In great numbers the thugs and ordinary familiar people alike poured over the road of our vulnerability, wounding the night with axes, rampaging our sleep, rousing the earth, attacking compounds, tearing down doors, destroying rooftops. In the wound of our cries we did not know who our enemies were. From the darkness figures with flaming faces attacked us, descended on us with sticks, stones, whips, and wires. It was some time before we realised that we were in the grip of an act of vengeance, a night reprisal, with the darkness as our antagonist. One by one the lamps were extinguished.
The darkness conquered our voices. A great cry, as of a terrifying commander ordering his troops, sprang into the air. There was the silence of deep rivers.
Everything became still. It was as if the night had withdrawn its violence into itself.

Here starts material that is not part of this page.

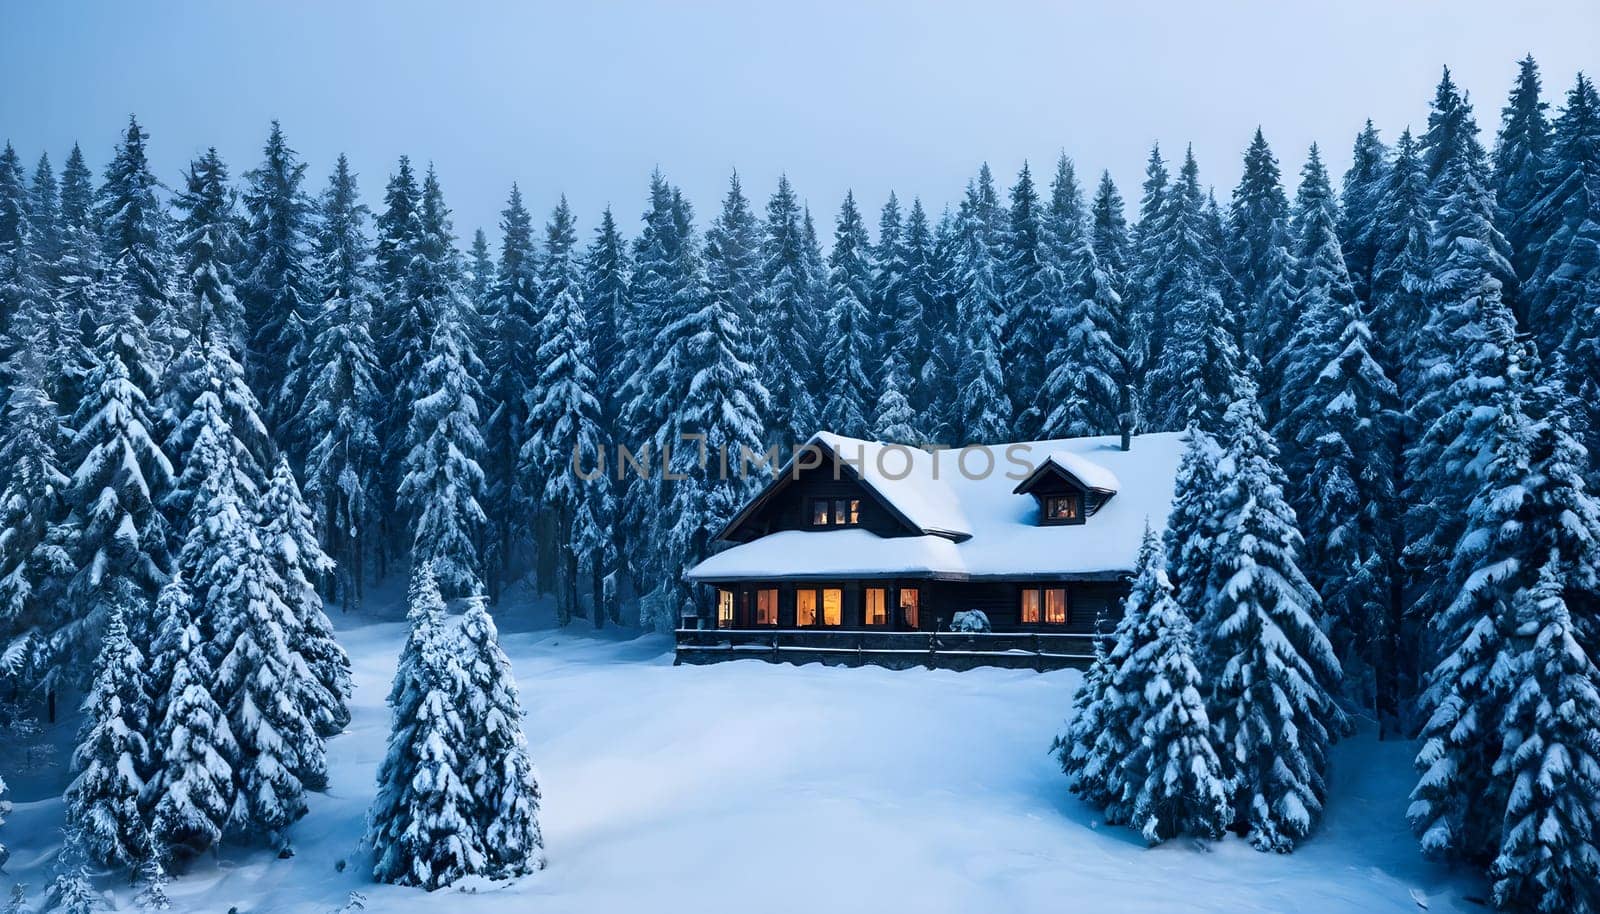 Winter Haven Cozy Retreats and Snowy Landscapes

The wind breathed over the houses and howled gently through the trees. The whisperings of spirits flowed on the wind. The voices of water and slow footsteps floated towards us. It was as if the wind itself were preparing for a final onslaught.
Then the stillness was broken by the panic of the innocent. There was another cry, not of our antagonists, but of a woman who had seen something wonderful and monstrous. The cry started it all. The innocents turned and with one mind tried to flee back to their rooms. The panic crossed our paths, and collided our bodies in the solid darkness. All over, women wailed for their children. I moved amongst the shadows and ran out into the homeland of darkness, across the street. I thought I was headed for safety. I couldn’t see where I was going. Then voices all around me began shouting:
‘Kill the photographer!’
‘Beat his photographs out of him!’
‘Finish him off!’
‘Blind him.’
‘Blind our enemies!’
‘Destroy them!’
‘Teach them a lesson.’
‘Show them power!’
‘Break their fingers.’
‘Crack their heads!’
‘Crush the photographer.’
‘And leave his body in the street.’
‘Let the birds eat him!’
‘For mocking our party.’
‘Our power!’
‘Our Leader!’
Their chants intensified. Their footsteps became voices, became one, and then multiplied, like fire. The dead rose under the weight of such footsteps, under such voices, under such intent. I banged my head against something solid, scraped my elbow against the jaws of the dead, clawed my way through jagged rust, and discovered I had reached the safety of the burnt van. I hid in the driver’s seat and watched, in that night of blue memories, the drama of the Living that only the Dead can understand.
I couldn’t see anything. But from across the street I heard, first in a whisper, then loudly under the spell of grief:
‘Azaro! Azaro! Where are you?’ It was Mum.
‘Azaro! Azaro!’
Then there was silence. In my childhood hour of darkness, I listened to Mum waiting for my response. But the night and the wind defeated us. From mouth to mouth, from one side of the street to the other, I listened with horror as the wind blew the name.
‘AZARO! AZARO!’
The wind passed the name on. The name flowed to our part of the street and then towards Madame Koto’s bar. The name surrounded me, wavering above the burnt van in a thousand quivering voices, as if God were calling me with the mouths of violent people.